Midsummer Potter madness gripped Britain with the latest tale of the teenage wizard flying off the shelves at more than eight copies a second.
"It is the fastest-selling book we have ever had," said a spokeswoman for WH Smith, Britain's largest bookseller, after Saturday's publication of Harry Potter and the Order of the Phoenix was billed as the world's largest book launch.
"They were going through the tills at more than eight copies a second," she said. "Pre-orders were 10 times bigger than those for the last Harry Potter book."
At London's King's Cross Station the store recreated the gateway to Platform Nine and Three Quarters where Harry takes the train to Hogwarts School.
And the Pottermania was not just confined to the boy wizard's homeland.
Online retailer Amazon.com said the fifth Potter book had broken Internet sales records with more than 1.3 million advance orders received worldwide.
Around the globe, children starved of a Potter book for almost three years eagerly devoured the weighty new tome and gave many parents a peaceful weekend.
The wizard's creator, multimillionaire author JK Rowling, joined in the Pottermania by visiting an Edinburgh book shop to see firsthand all the excitement she had created.
She was thrilled that none of the plot's major secrets -- one of the main characters dies -- had not leaked out.
"I am really happy. I think most kids are going to find out what happens because they have read the book -- and that is what's important to me," said the author who is now estimated to be richer than Britain's Queen Elizabeth.
The book's publication sparked a worldwide shopping frenzy and children were given a hefty treat -- the latest book runs to 255,000 words and is the size of a brick.
But that did not deter 15-year-old British schoolgirl Jennifer Gosling who claimed to have speed-read the 766-page saga in one and a half hours as part of a bookstore challenge.
Critics complained that the book, which they dubbed "Harry Potter and the Crock of Hype", was a masterpiece of cynical marketing.

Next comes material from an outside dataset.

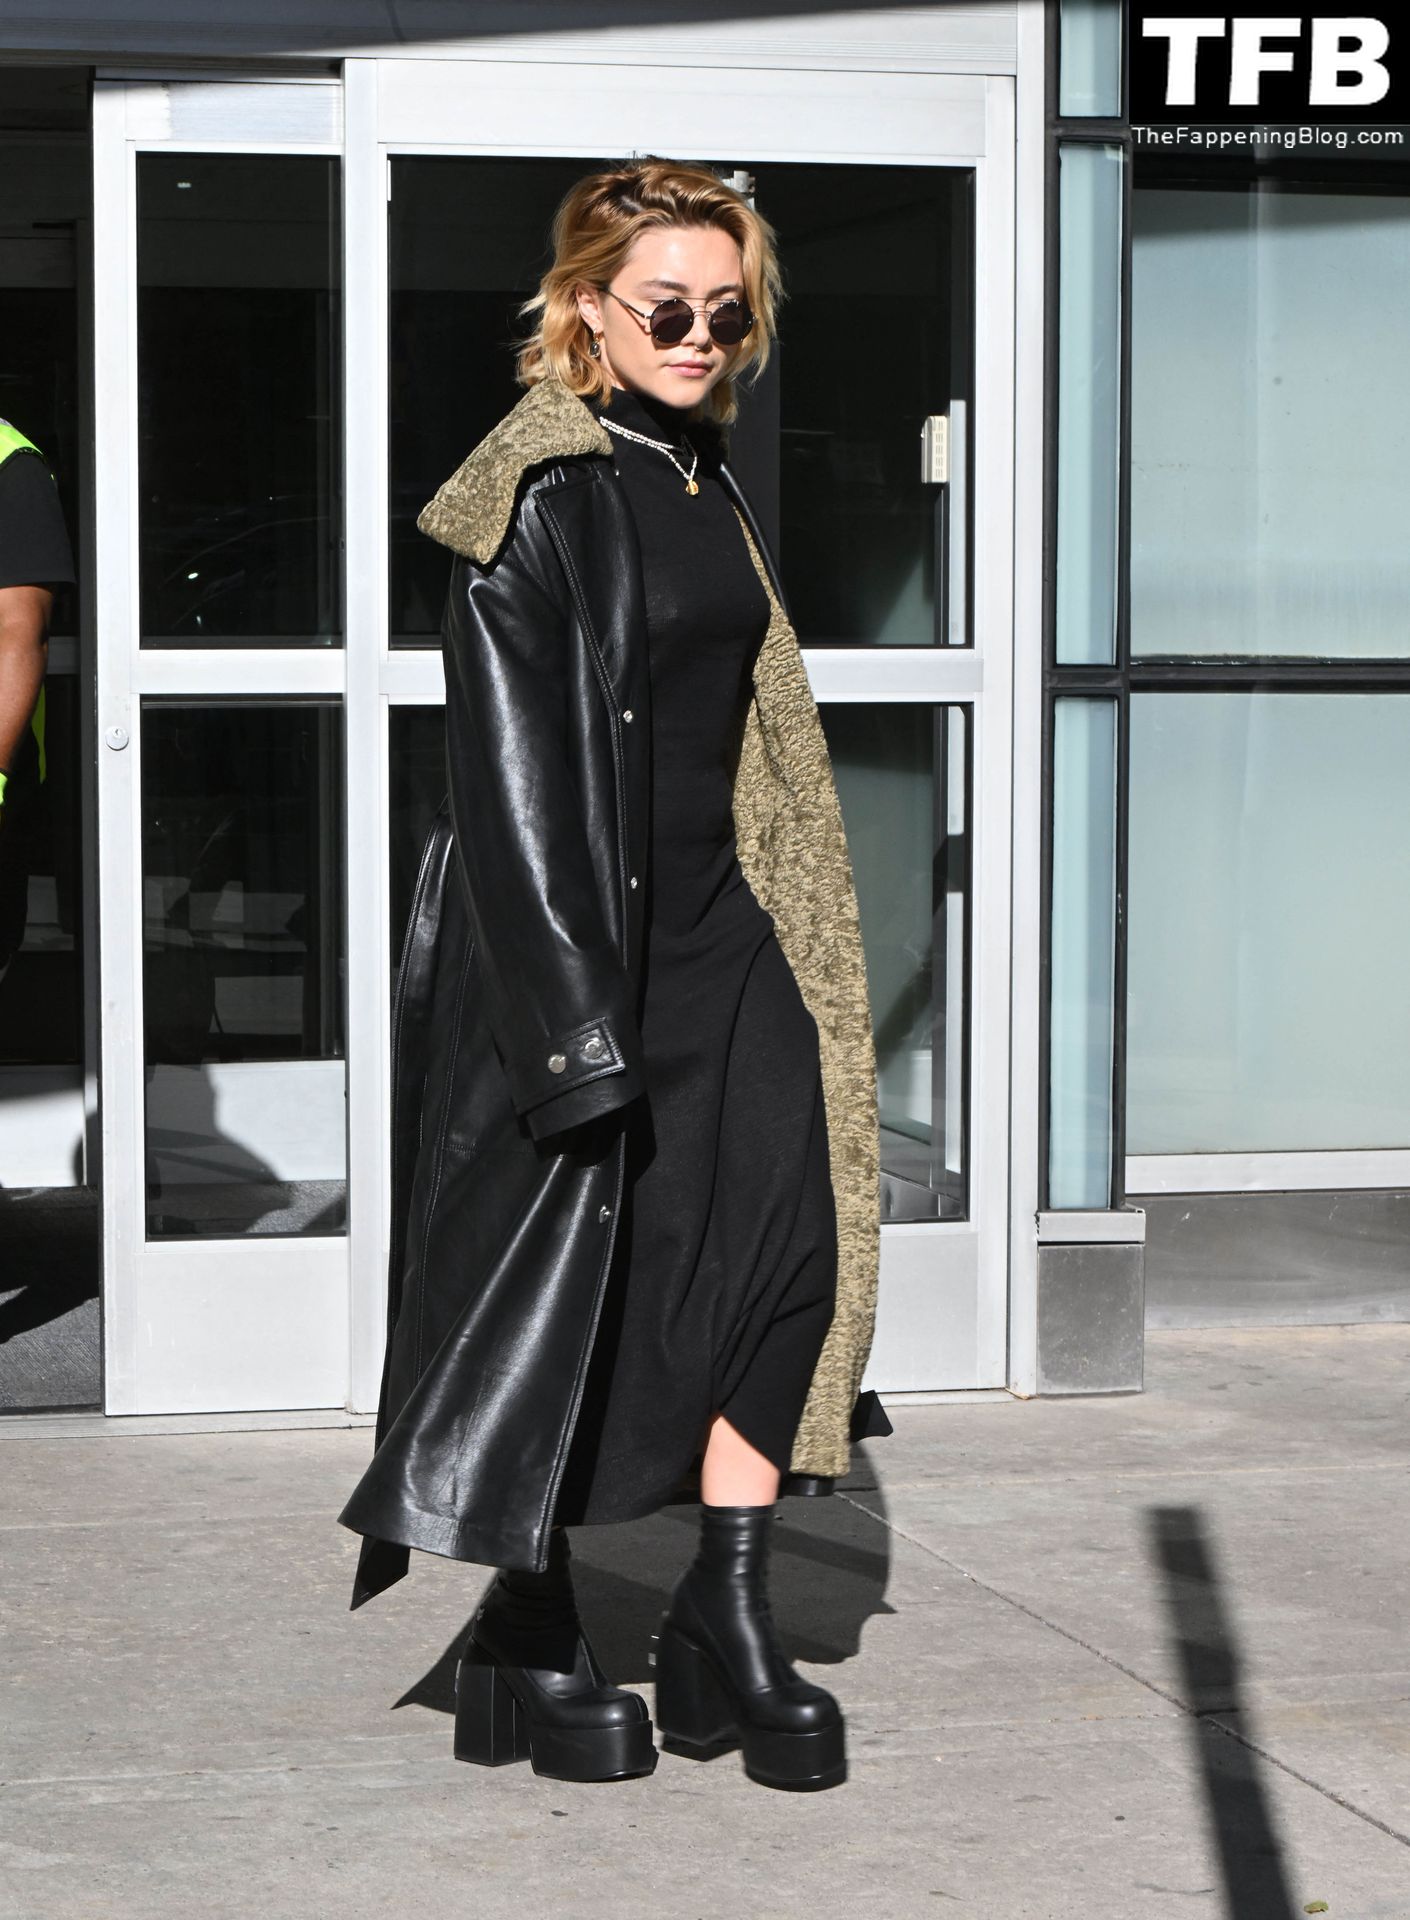 Florence Pugh Pokies The Fappening Blog 4 - Florence Pugh Shows Off Her Pokies at JFK airport in NYC (31 Photos)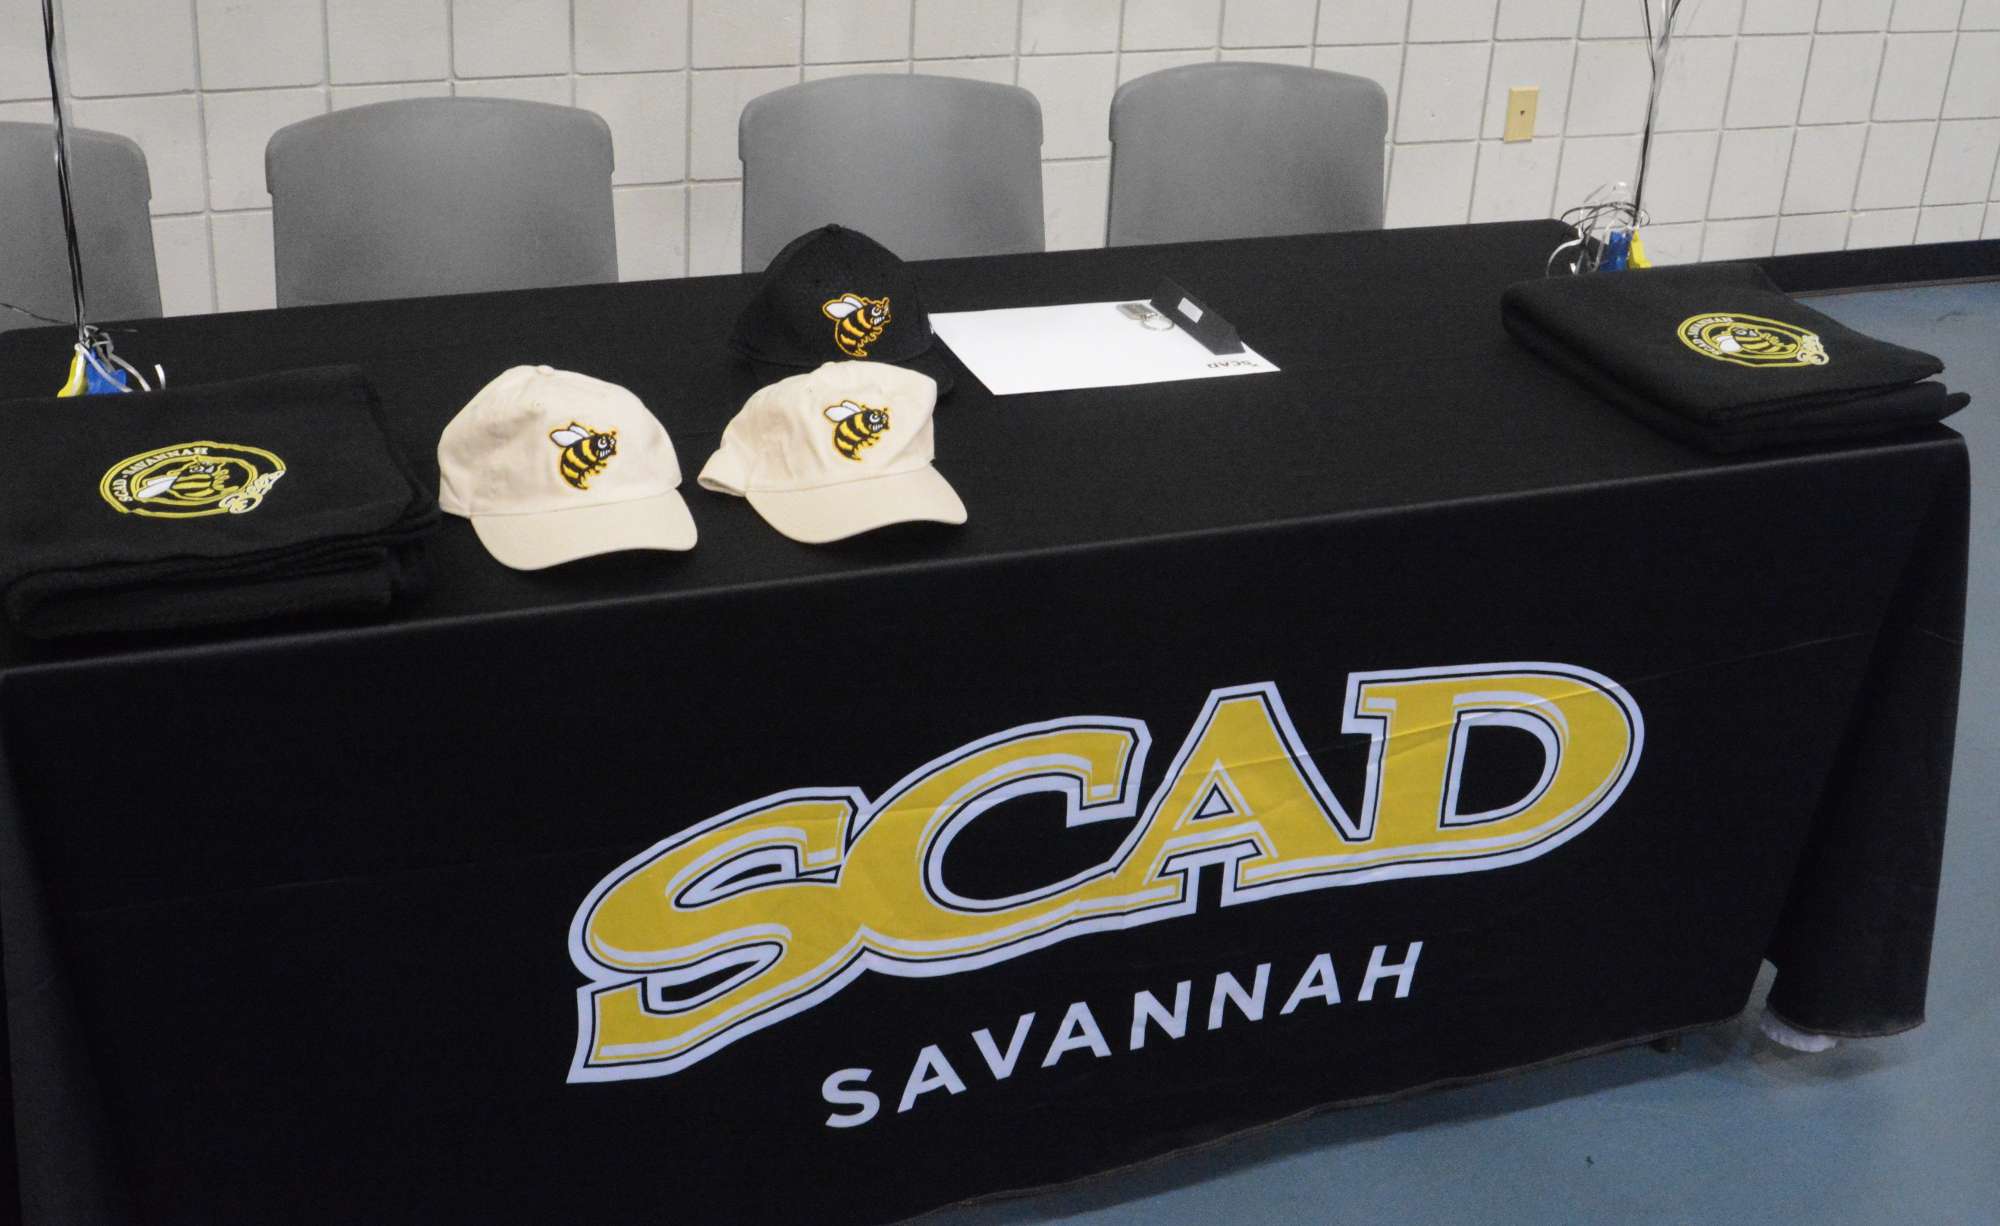 The stage is set for the SCAD Fishing Team's announcement.

But the figures are staggering. Thirteen million copies were printed of the latest saga and from Sydney to Johannesburg, from Frankfurt to Kuala Lumpur, kids just could not wait to get their hands on the book.
"Harry Potter is a religion," said Connecticut teenager Caitlin Messina, clutching her new Nimbus 2000 broomstick.
Across the globe, Pottermania hit the most world's populous Muslim nation as seven-year-old Indonesian schoolboy Muhammad Rifaldi Kurniawan said of Harry's broomstick: "I like his flying brush. I want to be able to fly too."
And "down under" in Australia, 11-year-old Rory Brooks said it all: "I think books are very exciting. Movies are great, I admit that, but books take you away in your own imagination. You feel like you have gone back in time."